(WHAT TO WORK ON) Where a picture appears, leave it out, and transcribe all the lines below exactly.

(DATASET EXCERPT)
•••
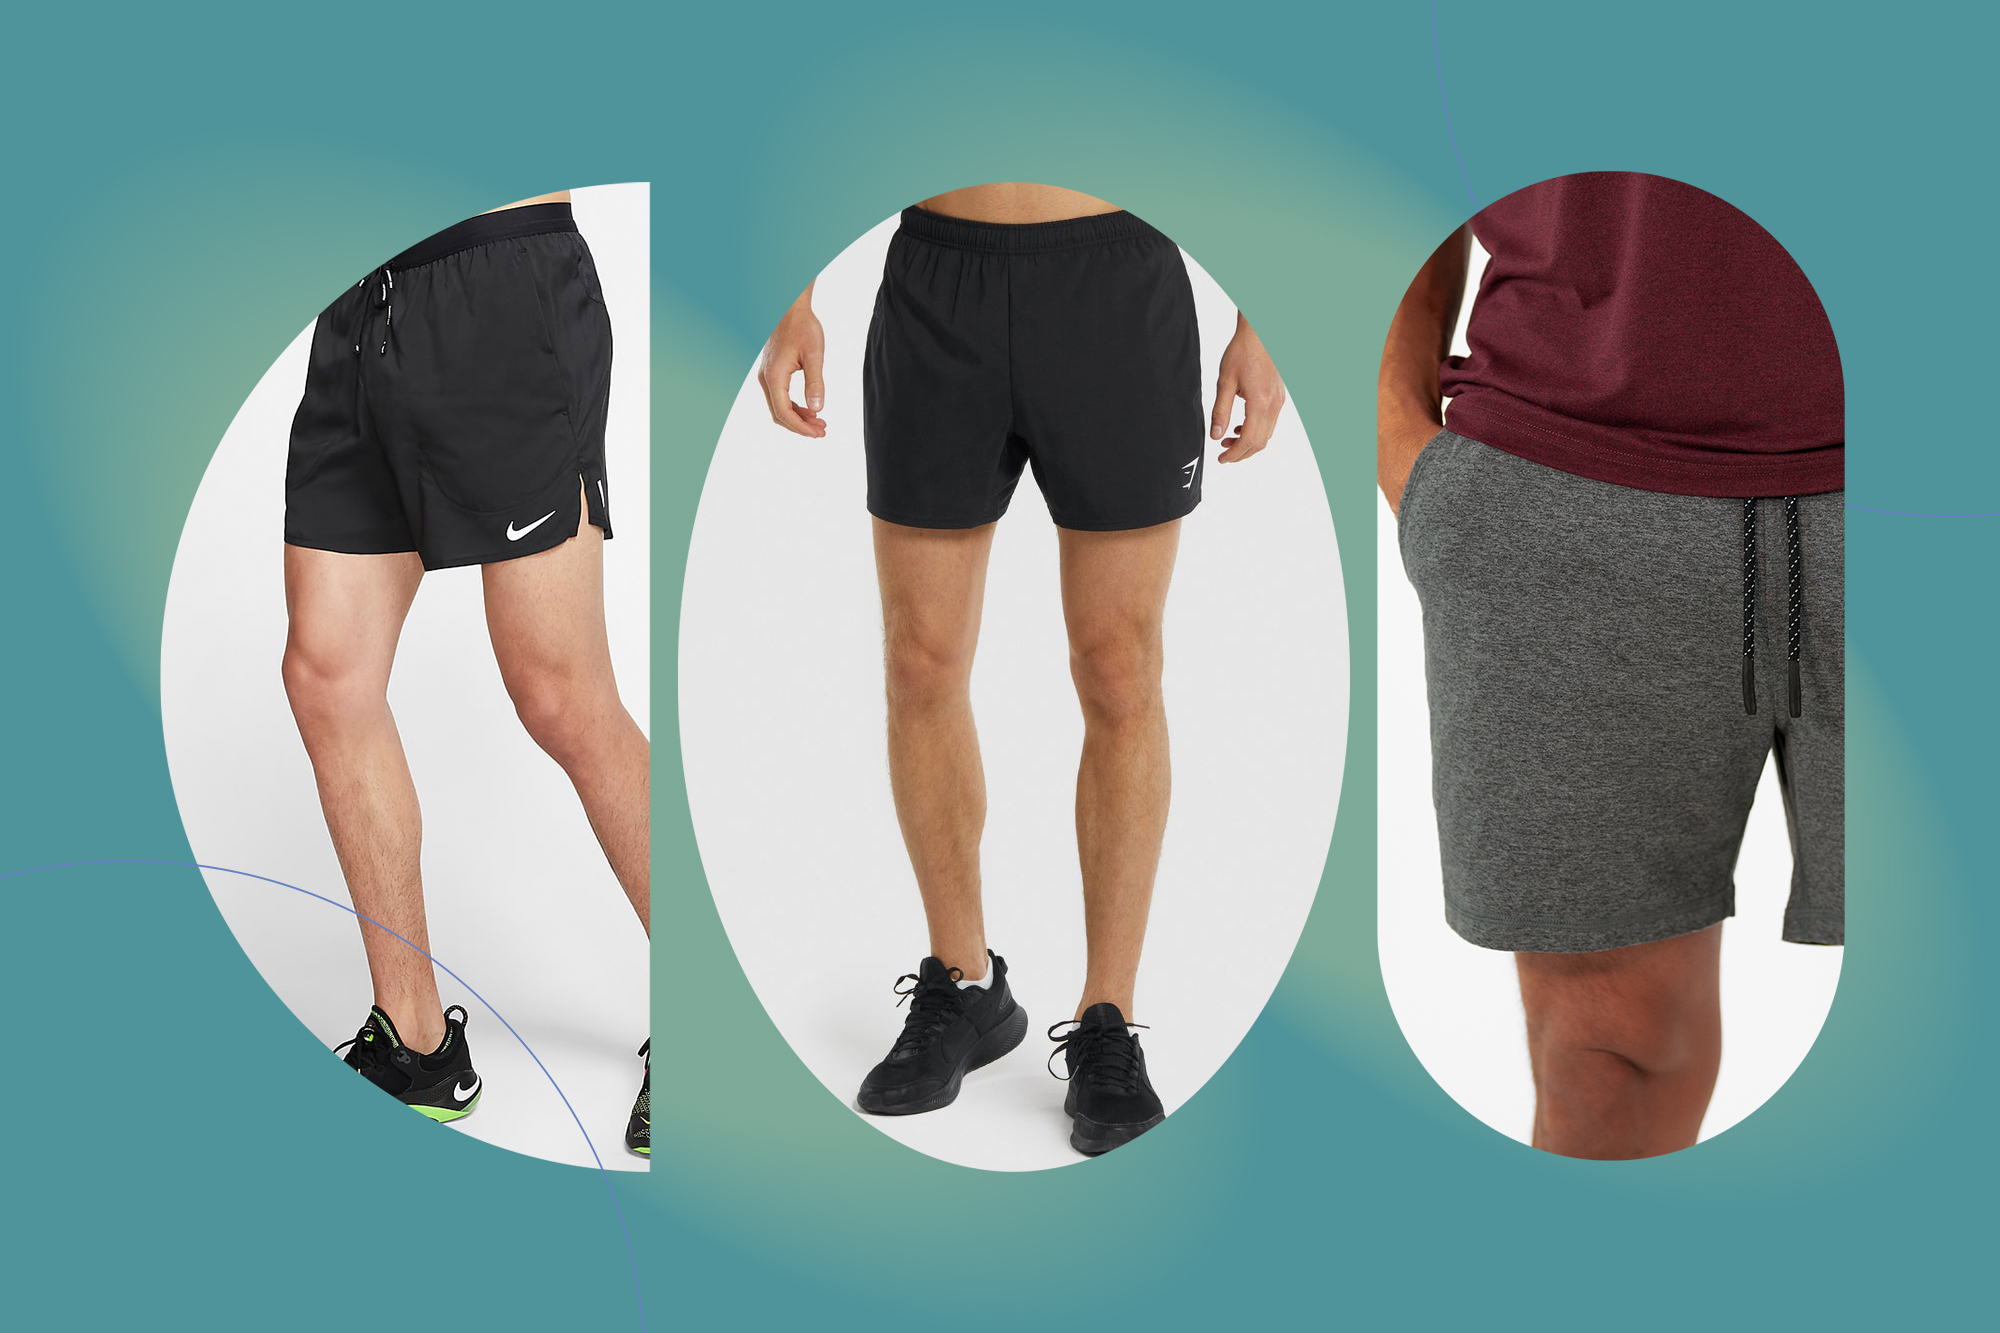 Gymshark Arrival 5 Shorts - Black  Running shorts outfit, Mens pants  fashion, Gymshark
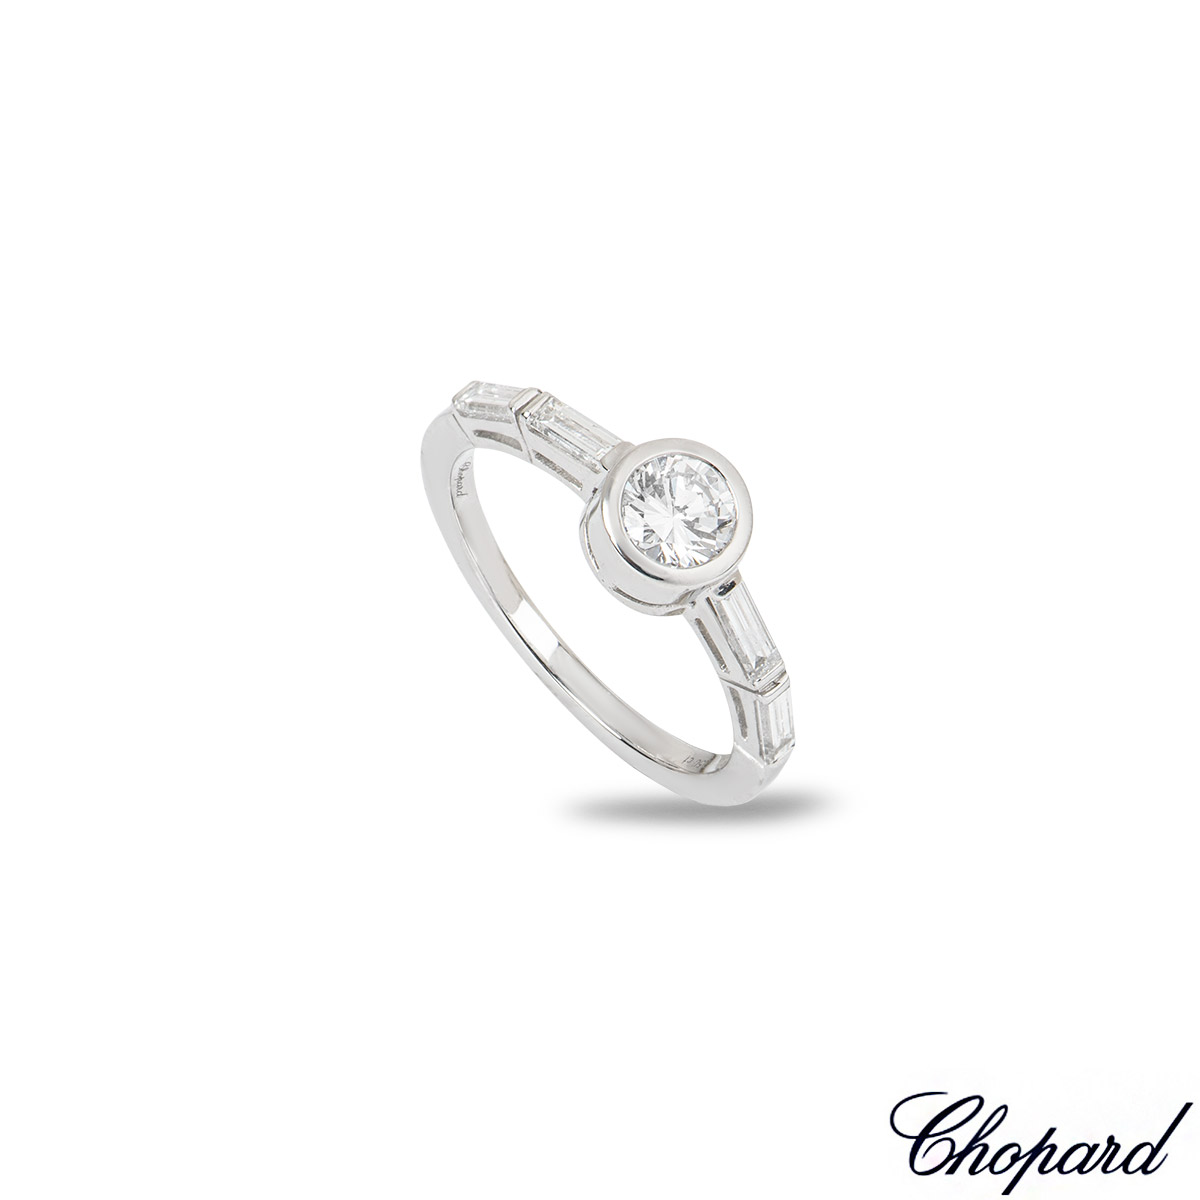 Chopard White Gold Diamond Ring 82/3948-1110
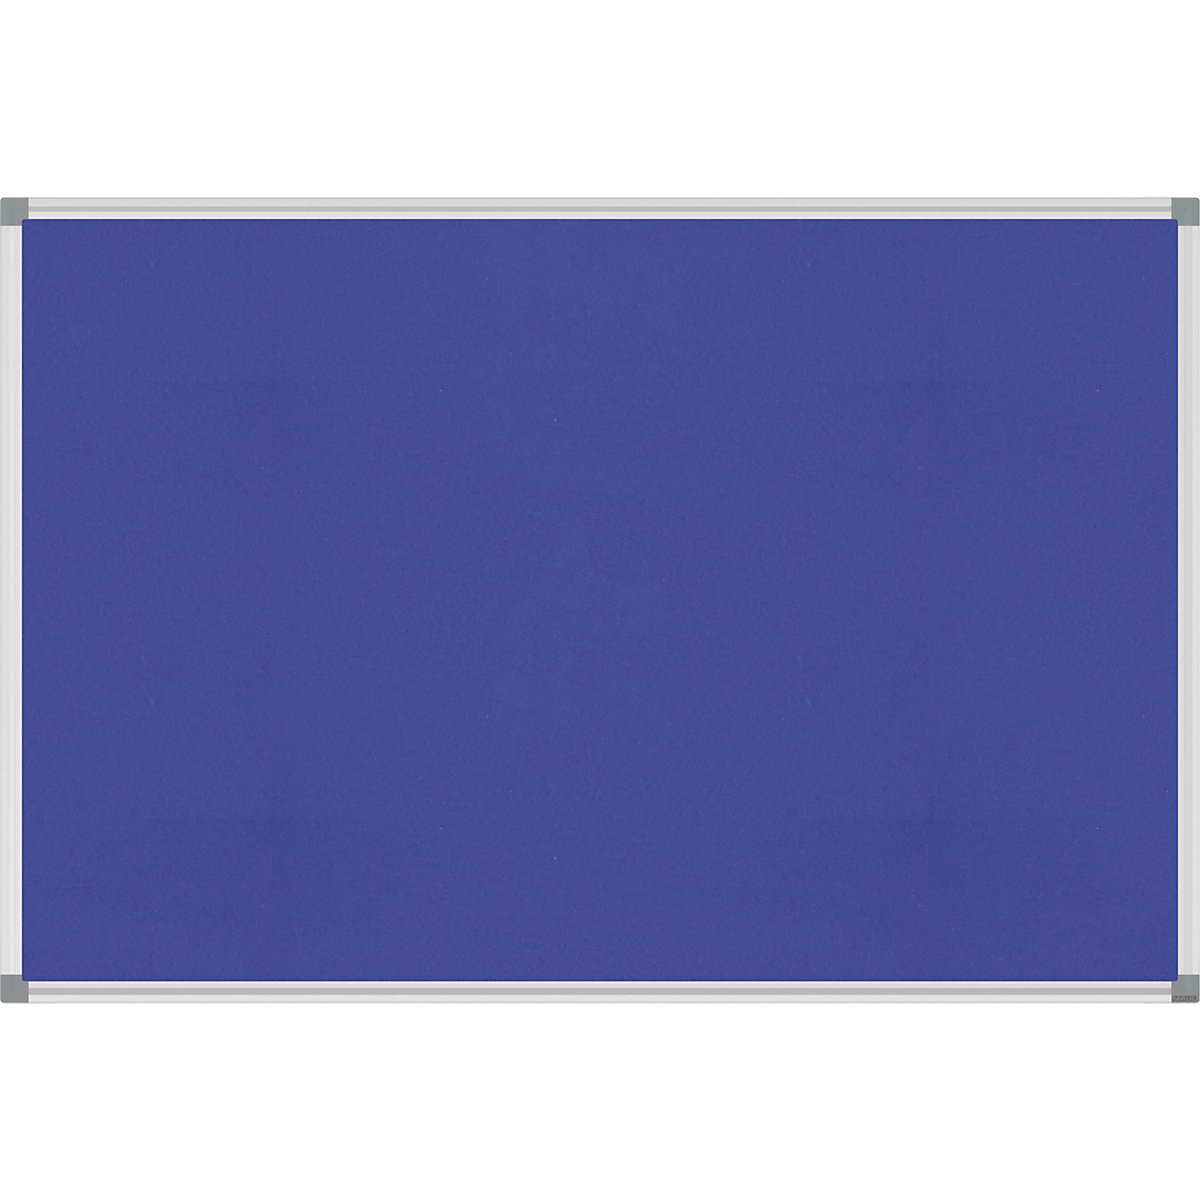 Lavagna a spilli STANDARD – MAUL, rivestimento in feltro, blu, largh. x alt. 900 x 600 mm-4
•••
(RESULT)
 Gymshark Arrival 5 Shorts - Black  Running shorts outfit, Mens pants  fashion, Gymshark
 Chopard White Gold Diamond Ring 82/3948-1110
 Lavagna a spilli STANDARD – MAUL, rivestimento in feltro, blu, largh. x alt. 900 x 600 mm-4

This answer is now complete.